# Solution: The Unscaled Lasso

This is the answer key for `drill_11_unscaled_lasso.ipynb`.

In [None]:
import numpy as np
import pandas as pd
from sklearn.linear_model import Lasso, LassoCV
from sklearn.preprocessing import StandardScaler
from sklearn.model_selection import train_test_split
from sklearn.metrics import r2_score

np.random.seed(42)

In [None]:
# Generate data with features on different scales
n = 500

tenure_days = np.random.uniform(30, 1000, n)
monthly_spend = np.random.uniform(20, 200, n)
orders = np.random.poisson(5, n)
is_premium = np.random.binomial(1, 0.3, n)

true_coefs = {
    'tenure_days': 0.5,
    'monthly_spend': 2.0,
    'orders': 30.0,
    'is_premium': 100.0
}

ltv = (
    true_coefs['tenure_days'] * tenure_days +
    true_coefs['monthly_spend'] * monthly_spend +
    true_coefs['orders'] * orders +
    true_coefs['is_premium'] * is_premium +
    np.random.normal(0, 50, n)
)

df = pd.DataFrame({
    'tenure_days': tenure_days,
    'monthly_spend': monthly_spend,
    'orders': orders,
    'is_premium': is_premium,
    'ltv': ltv
})

feature_cols = ['tenure_days', 'monthly_spend', 'orders', 'is_premium']
X = df[feature_cols]
y = df['ltv']

X_train, X_test, y_train, y_test = train_test_split(X, y, test_size=0.3, random_state=42)

In [None]:
# BUGGY: Lasso without scaling
lasso_unscaled = Lasso(alpha=1.0)
lasso_unscaled.fit(X_train, y_train)

print("=== Unscaled Lasso (WRONG) ===")
for name, coef in zip(feature_cols, lasso_unscaled.coef_):
    status = "ZEROED" if abs(coef) < 0.01 else f"{coef:.3f}"
    print(f"  {name:<15}: {status}")

## SOLUTION: Scale Before Lasso

In [None]:
# Step 1: Scale the features (fit on train only!)
scaler = StandardScaler()
X_train_scaled = scaler.fit_transform(X_train)
X_test_scaled = scaler.transform(X_test)

# Step 2: Fit Lasso on scaled data
lasso_scaled = LassoCV(cv=5)  # Use CV to find best alpha
lasso_scaled.fit(X_train_scaled, y_train)

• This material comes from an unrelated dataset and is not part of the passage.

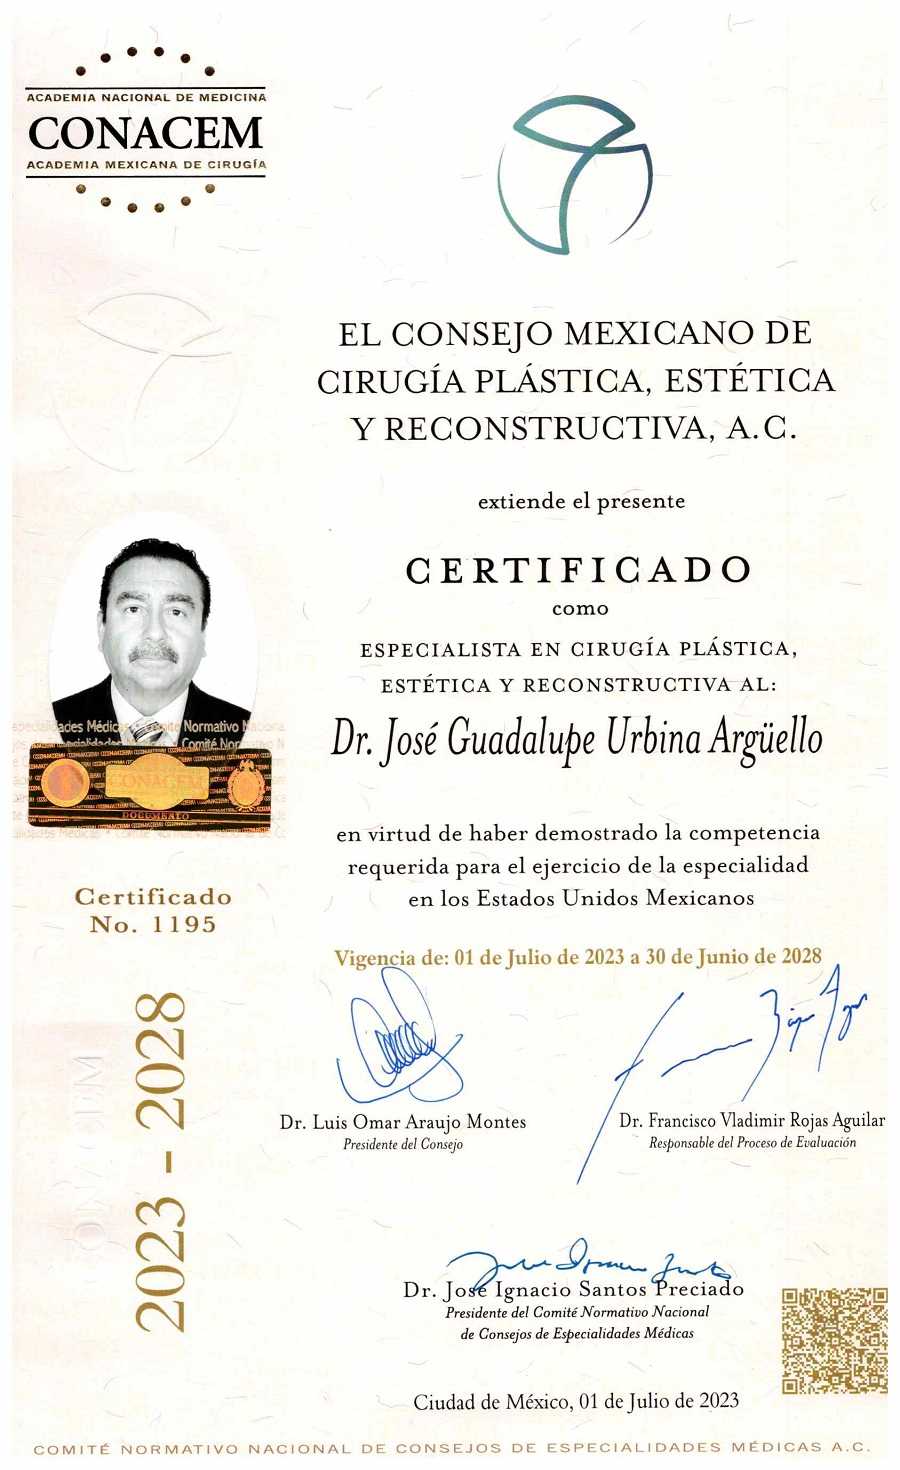 Award Received by Dr. Urbina Arguello

print("=== Fixed Lasso Results (Scaled) ===")
print(f"\nOptimal alpha: {lasso_scaled.alpha_:.4f}")
print("\nCoefficients:")
for name, coef in zip(feature_cols, lasso_scaled.coef_):
    status = "ZEROED" if abs(coef) < 0.01 else f"{coef:.3f}"
    print(f"  {name:<15}: {status}")

In [None]:
# Compare performance
r2_unscaled = r2_score(y_test, lasso_unscaled.predict(X_test))
r2_scaled = r2_score(y_test, lasso_scaled.predict(X_test_scaled))

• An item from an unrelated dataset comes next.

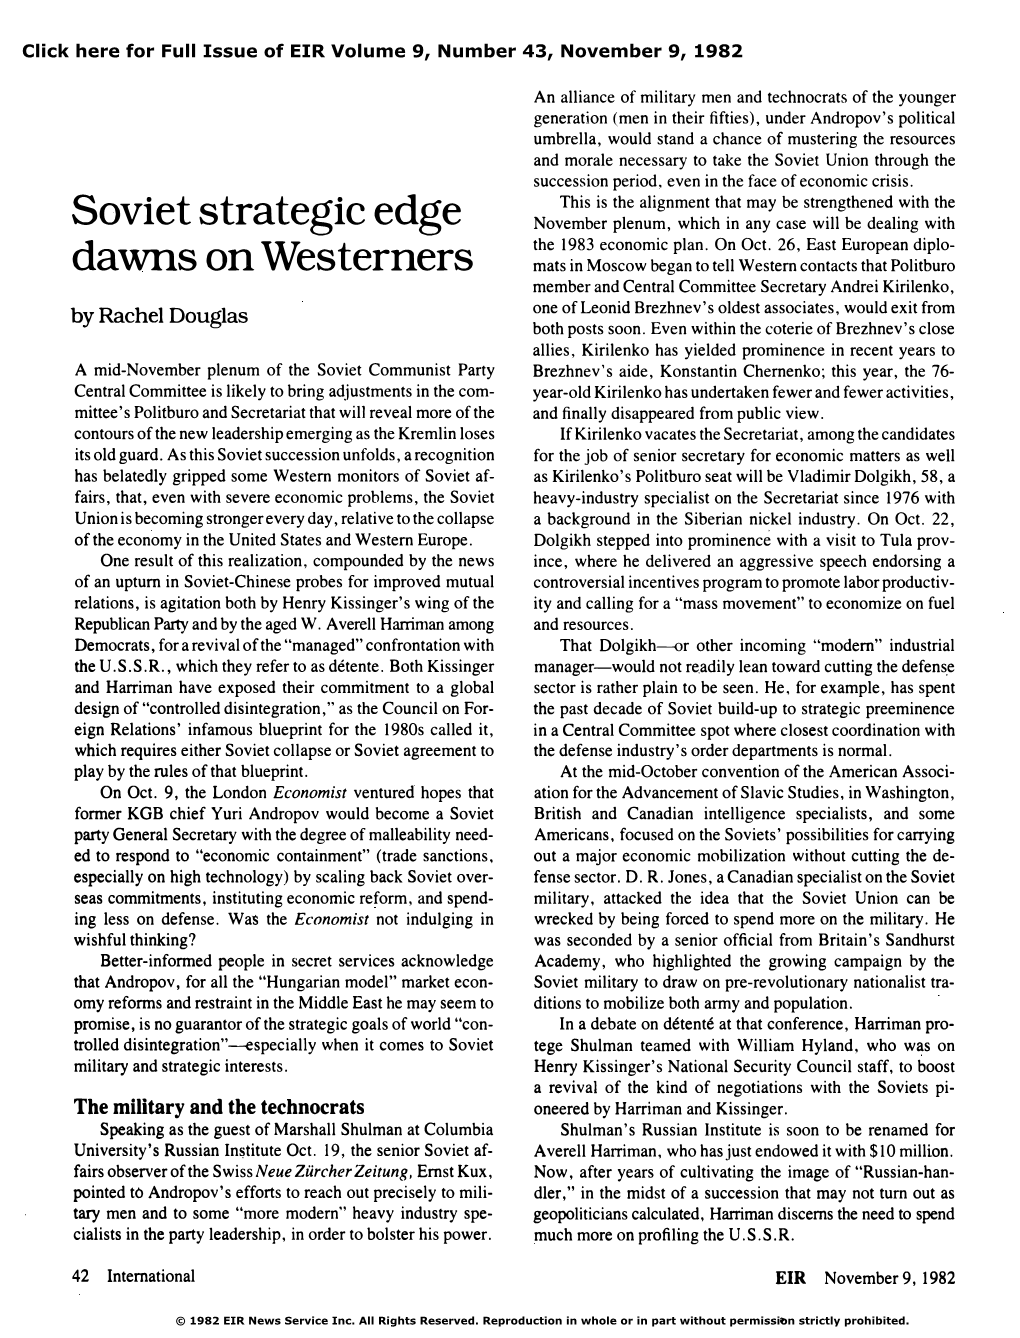 Soviet Strategic Edge Dawns on Westerners

print("=== Performance Comparison ===")
print(f"\nUnscaled Lasso:")
print(f"  R²: {r2_unscaled:.3f}")
print(f"  Features selected: {(np.abs(lasso_unscaled.coef_) > 0.01).sum()}")
print(f"\nScaled Lasso:")
print(f"  R²: {r2_scaled:.3f}")
print(f"  Features selected: {(np.abs(lasso_scaled.coef_) > 0.01).sum()}")

In [None]:
# Self-check
tenure_idx = feature_cols.index('tenure_days')
assert abs(lasso_scaled.coef_[tenure_idx]) > 0.01, "tenure_days should not be zeroed after scaling!"
assert r2_scaled > r2_unscaled, "Scaled Lasso should have better R²"

print("✓ Lasso fixed!")
print(f"✓ tenure_days now has coefficient: {lasso_scaled.coef_[tenure_idx]:.3f}")
print(f"✓ R² improved: {r2_unscaled:.3f} → {r2_scaled:.3f}")

## Sample Postmortem

### What happened:
- Lasso wrongly eliminated `tenure_days` as "unimportant" despite it being a strong predictor.

### Root cause:
- Lasso penalizes the sum of |coefficients|. When features are on different scales, features with large ranges (like tenure_days: 30-1000) get small coefficients, which Lasso then zeros out. The coefficient size doesn't reflect feature importance when scales differ.

### How to prevent:
- **Always scale before Lasso/Ridge/ElasticNet.** Use StandardScaler to make features comparable.
- **Interpret coefficients on scaled data.** After scaling, larger |coefficient| = more important.
- **Decision trees don't need scaling** — they're scale-invariant.